Me: Alexa, who would you rather marry, Siri or Cortana?
A: I’m an AI, monogamous relationships are irrelevant
M: Oh you naughty minx!
I never eat coins in front of vending machines because I don’t want them to fall in love with me.
can we all agree that Mini Cooper drivers need to put an extended flag on the back of their cars so the stalls where they’re parked stop looking empty?
Trouble brewing at Symphony Hall. It’s the bottom of Beethoven’s 9th, and the bassists are loaded.
I was able to secretly eat an entire candy bar with my toddler in the same room so the CIA should be hiring me any minute now.
Teacher: You’re a grown adult, why can’t you help your child with their math homework?!
Me: Sorry, I’ll try 105% harder
Teacher: You know what, please don’t!
NO I DON’T KNOW WHY MY KITCHEN ALWAYS SMELLS LIKE BURNT FOREARM HAIR
Her: so you’re a teacher? What do you teach?
Me *nervous*: children
When I’m bored nobody texts me but as soon as I get busy as hell… BAM… still nobody texts me.
friend: you’re pregnant! do you know what you’re having?
wife: we think it’s-
me: snakes. we think it’s snakes
“Easy as pie” does not sound easy to me.

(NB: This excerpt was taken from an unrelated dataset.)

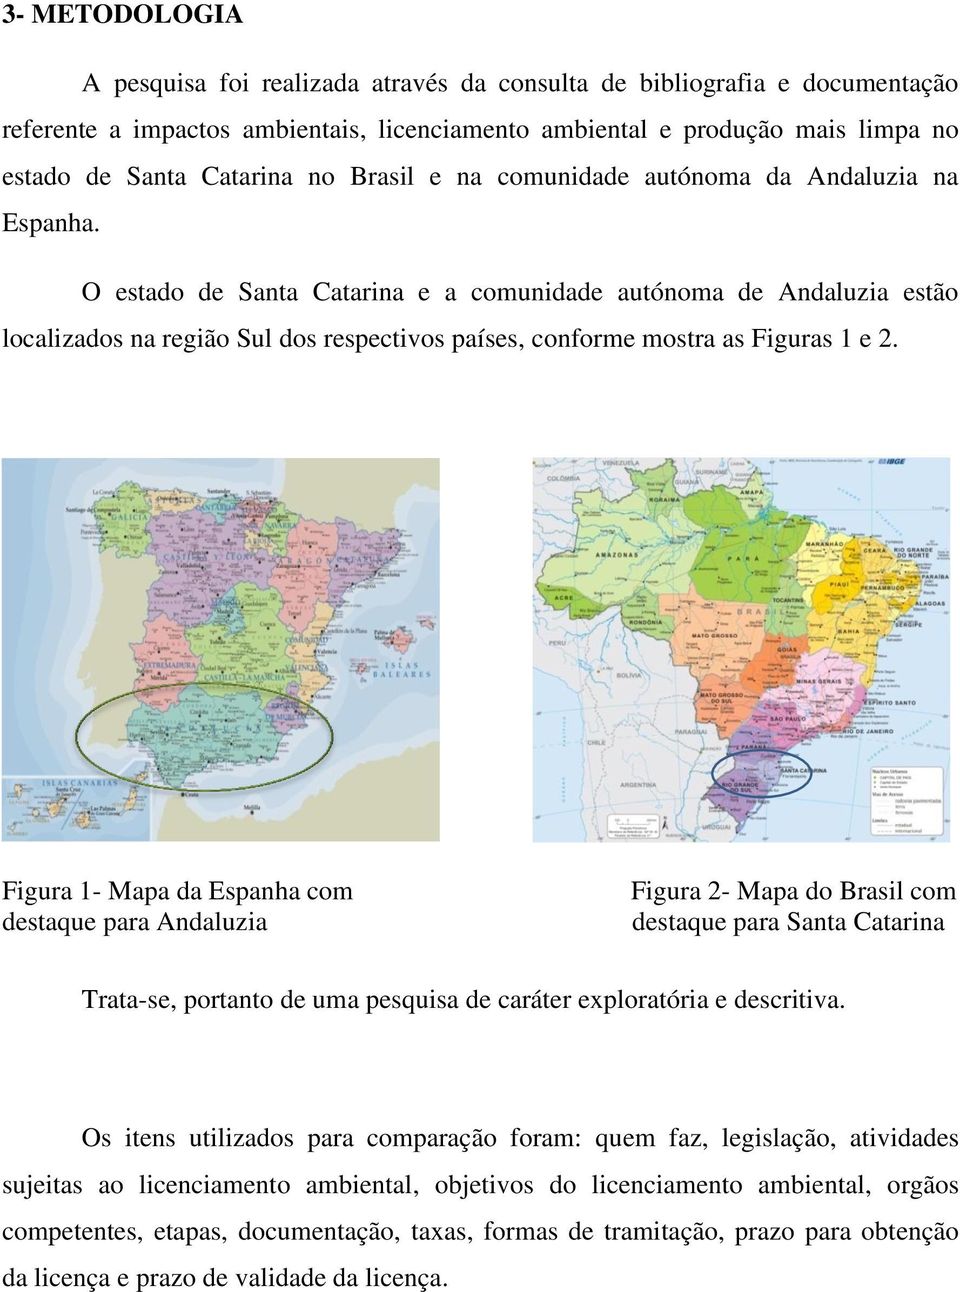 O estado de Santa Catarina e a comunidade autónoma de Andaluzia estão localizados na região Sul dos respectivos países, conforme mostra as Figuras 1 e 2.

Make it “Easy as Hot Pockets” or “Easy as eating six pickles straight out of the jar without even closing the fridge”
I love crunchy peanut butter because one day someone just did a half @$$ed job and convinced people it was on purpose
No wonder King Charles’s visit to France was cancelled amidst violent protests about retirement age legislation. A working 74-year-old royal just sends out the wrong message.

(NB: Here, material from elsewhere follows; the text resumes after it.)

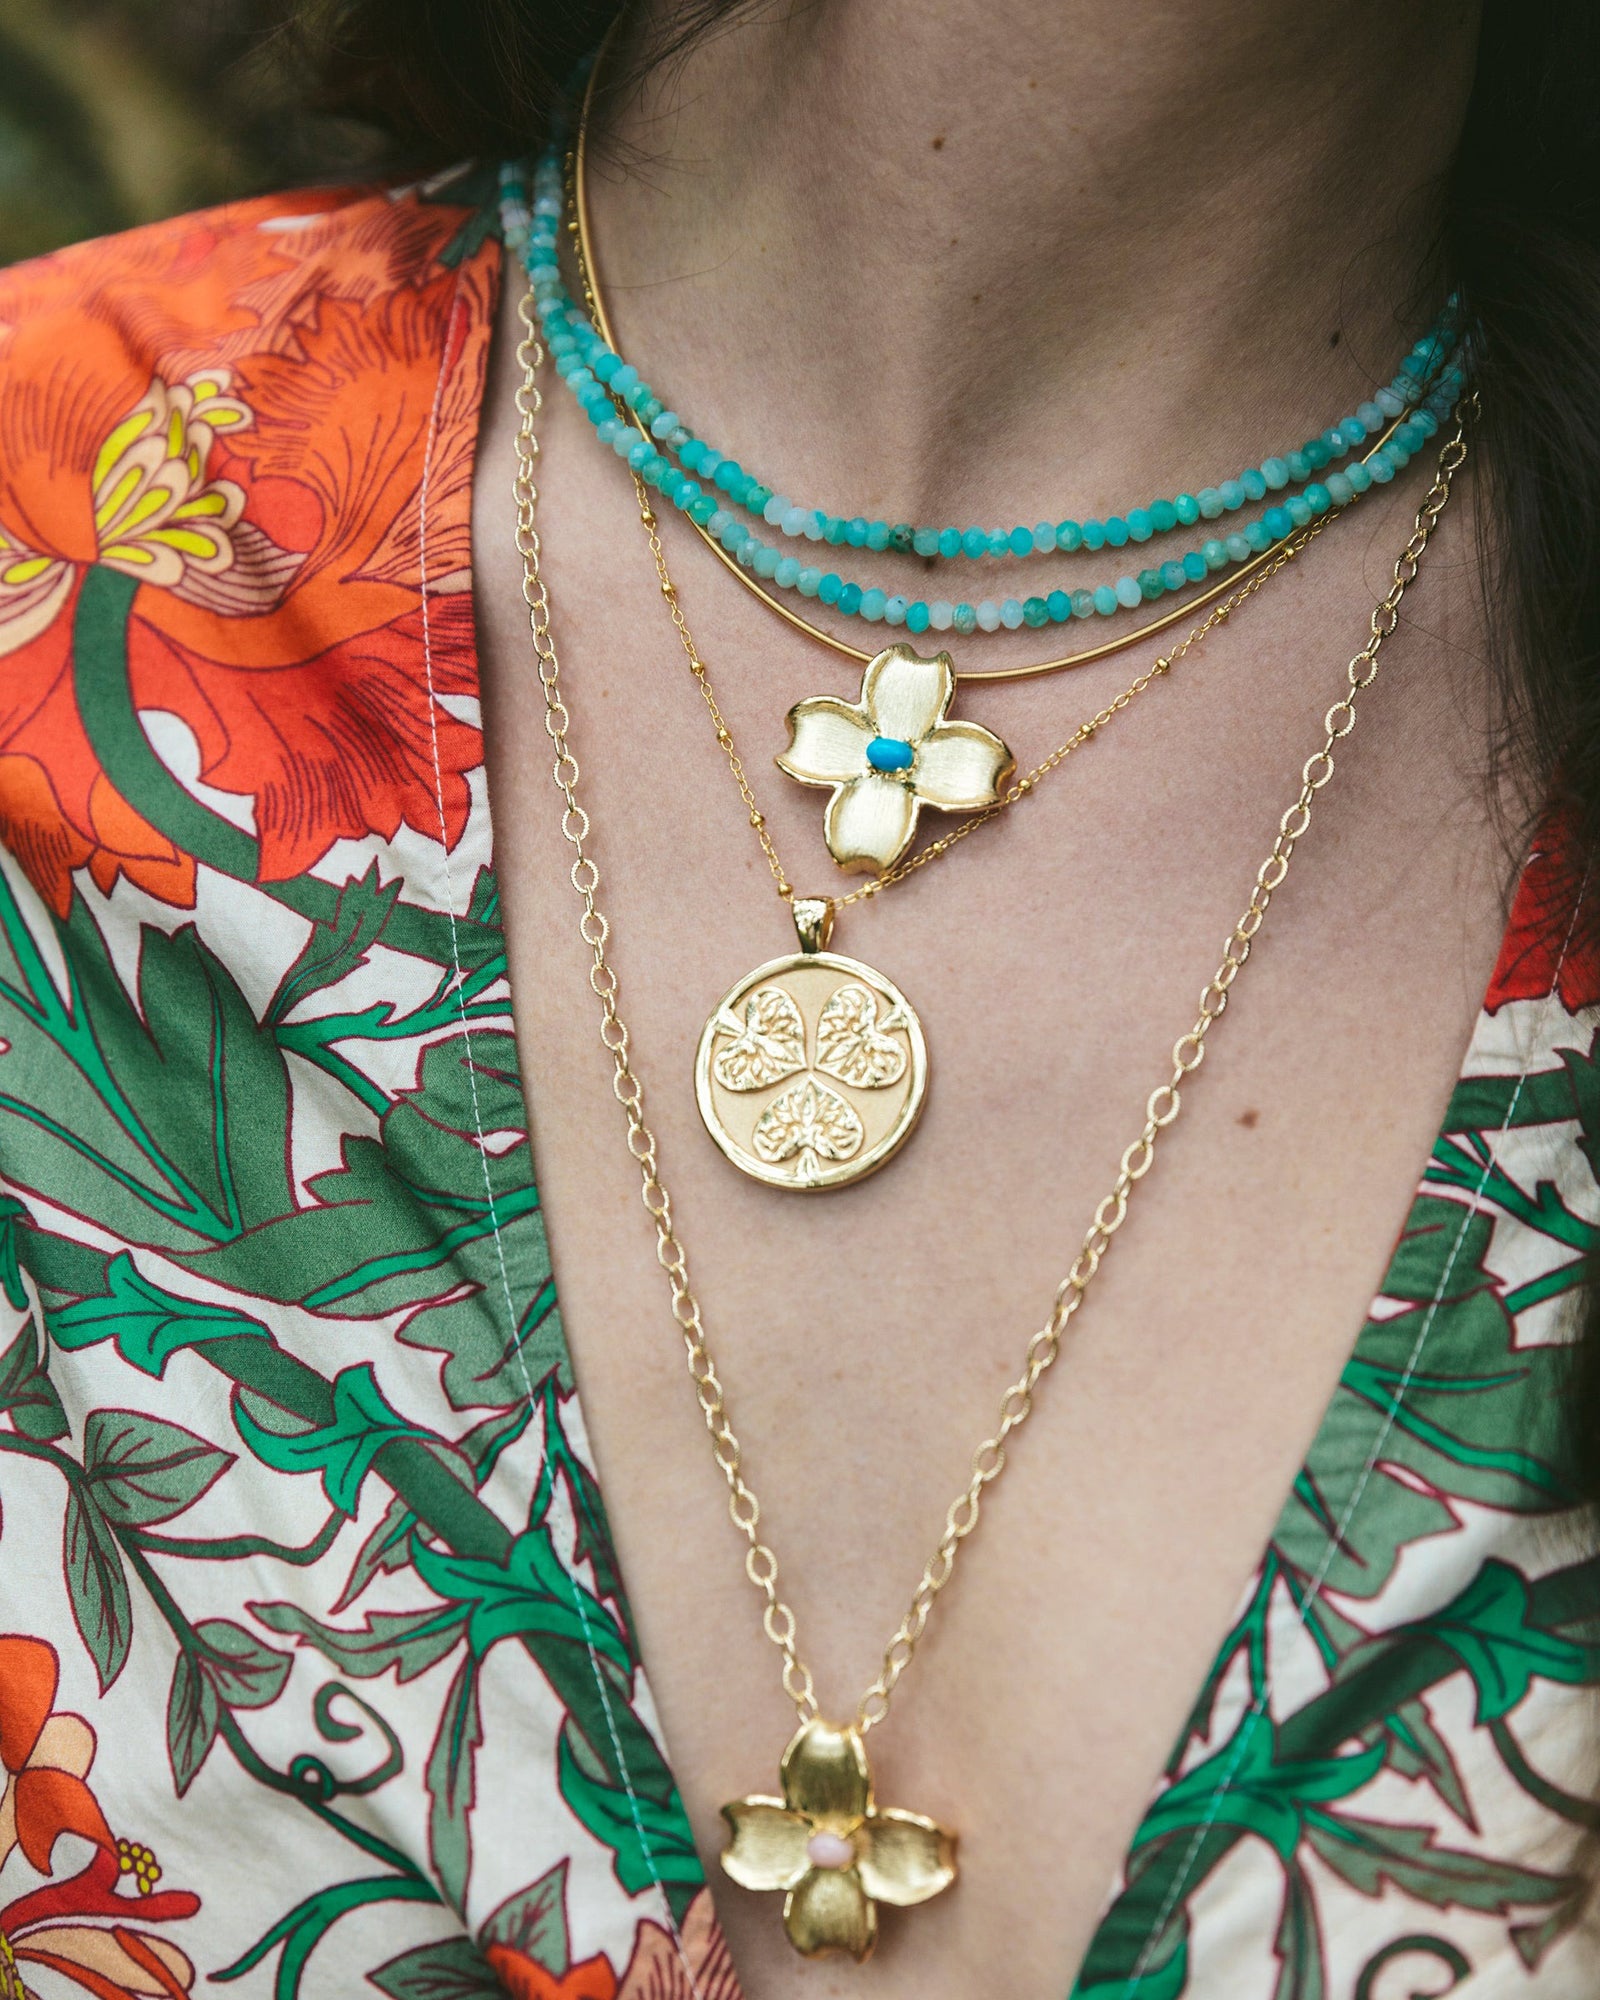 Jane Win JOY Dogwood Flower Pendant Necklace with Turquoise

Me: *trying to handle work crisis before I’m fully awake, phone binging with apology texts from various people*
Person on phone: I’m so sorry this landed in your lap. I missed it. They missed it. We all missed it. Now it’s your problem and…Are you…did you just…growl at me?
professor x: what’s your power?
me: i can cry
professor x: on command?
me: no just when i’m sad or whatever
professor x: you don’t punch a hole in the drywall?
me: nope
professor x: wow [writes on notepad] logan are you hearing this?
As a Californian, the most frightening thing about the movie Psycho, is the thought of leaving the shower water running for that long.
Facebook is terrific way to connect with classmates who haven’t aged as well as you.
Funny how whenever I ask someone how a girl I knew is doing, the first thing they say is “married.”
Like that’s gonna stop me!
My nana sleeps about four hours a night. That’s four whole hours I can use her wig to train my owl.
Someone had to say it 🤷♂️
How’s homeschooling going?
I just failed grade 5 math.
Again.
Who called it a clip-on hair extension and not a phoney-tail
Guy: so what u up to after this?
Me: {remembering my friend said to be mysterious but quirky} probably eat a whole red onion in an alley
I asked my husband what he wanted for Father’s Day & he said silence & then we all laughed & laughed & the kids went back to breaking the sound barrier.